Tuesday 16 September 2008

Aug 19, LE CHARME DISCRET DE LA BOURGEOISIE

This week, we move on to Surreal films.

Surrealism is a cultural movement that began in the early-1920s, and is best known for the visual artworks and writings of the group members.

Surrealist works feature the element of surprise, unexpected juxtapositions and non-sequitur; however many Surrealist artists and writers regard their work as an expression of the philosophical movement first and foremost, with the works being an artifact. Leader Andre Breton was explicit in his assertion that Surrealism was above all a revolutionary movement.

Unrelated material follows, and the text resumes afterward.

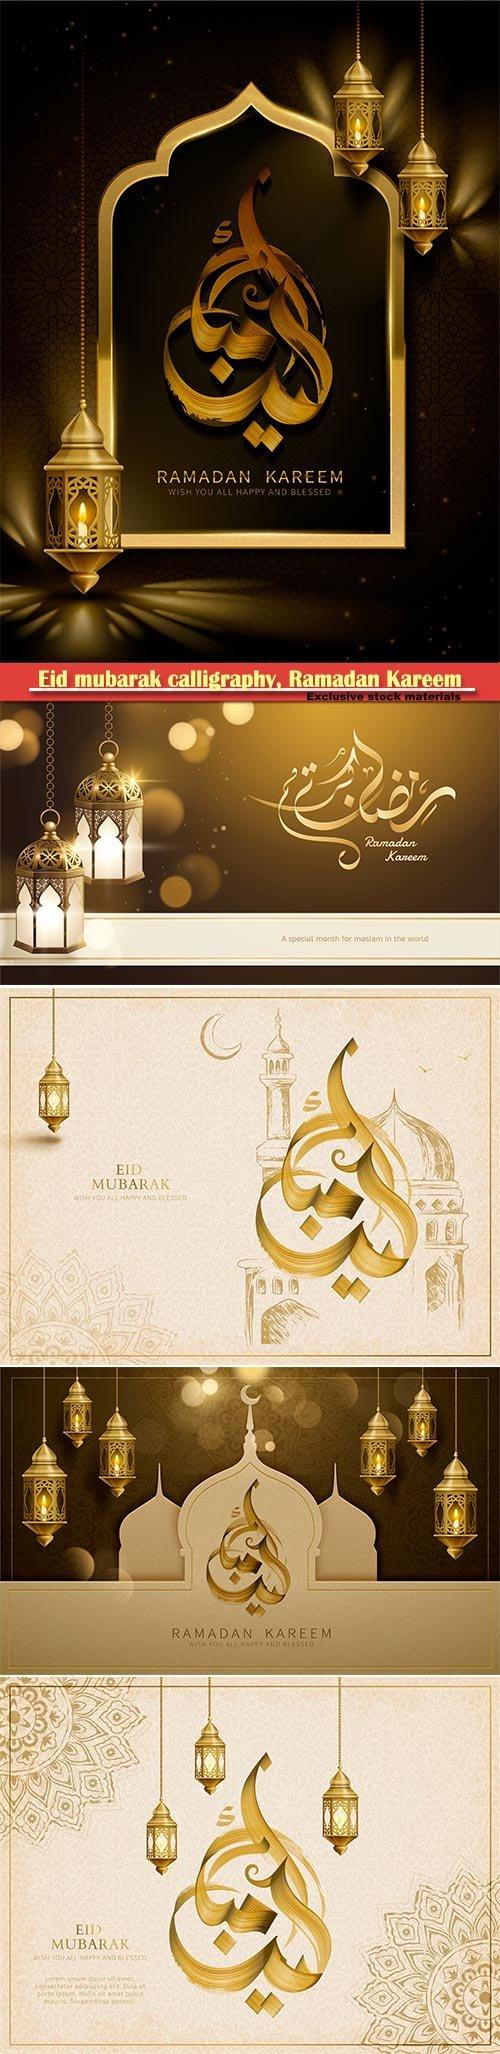 Eid mubarak calligraphy, Ramadan Kareem vector card # 7

Surrealism developed out of the Dada activities of World War I the most important center of the movement was Paris. From the 1920s on, the movement spread around the globe, eventually affecting the visual arts, literature, film, and music, of many countries and languages, as well as political thought and practice, and philosophy and social theory

{ For the Surrealist Manifesto }

Filmref.com defines Surrealism as " Subjective depiction of emotive themes through unnatural, incongruous and fantastic imagery".

"The real purpose of Surrealism", as Luis Bunuel said, was "to explode the social order, to transform life itself."

LE CHARME DISCRET DE LA BOURGEOISIE
{THE DISCREET CHARM OF THE BOURGEOISE
}
Luis Bunuel
1972





"The Discreet Charm Of The Bourgeoisie" was (and still is often considered) the most popular work of filmmaker Luis Bunuel.

Minor social embarrassment—people start showing up for a dinner party its hosts are unaware they are throwing—turns into a genial exercise in surrealism. Six middle-class friends keep trying to have a nice meal together, but something—love-making, military exercises, criminal activities, even a sequence where they find themselves on stage in a play, playing themselves—keeps preventing them from breaking bread.

Luis Buñuel creates an absurdly comic and wickedly incisive portrait of the meaningless social rituals and polite hypocrisy of the upper middle class in The Discreet Charm of the Bourgeoisie. By interweaving exaggerated reality with lucid dream sequences, Buñuel blurs the distinction between civilized behavior and social indictment. He was 72 when he made this film.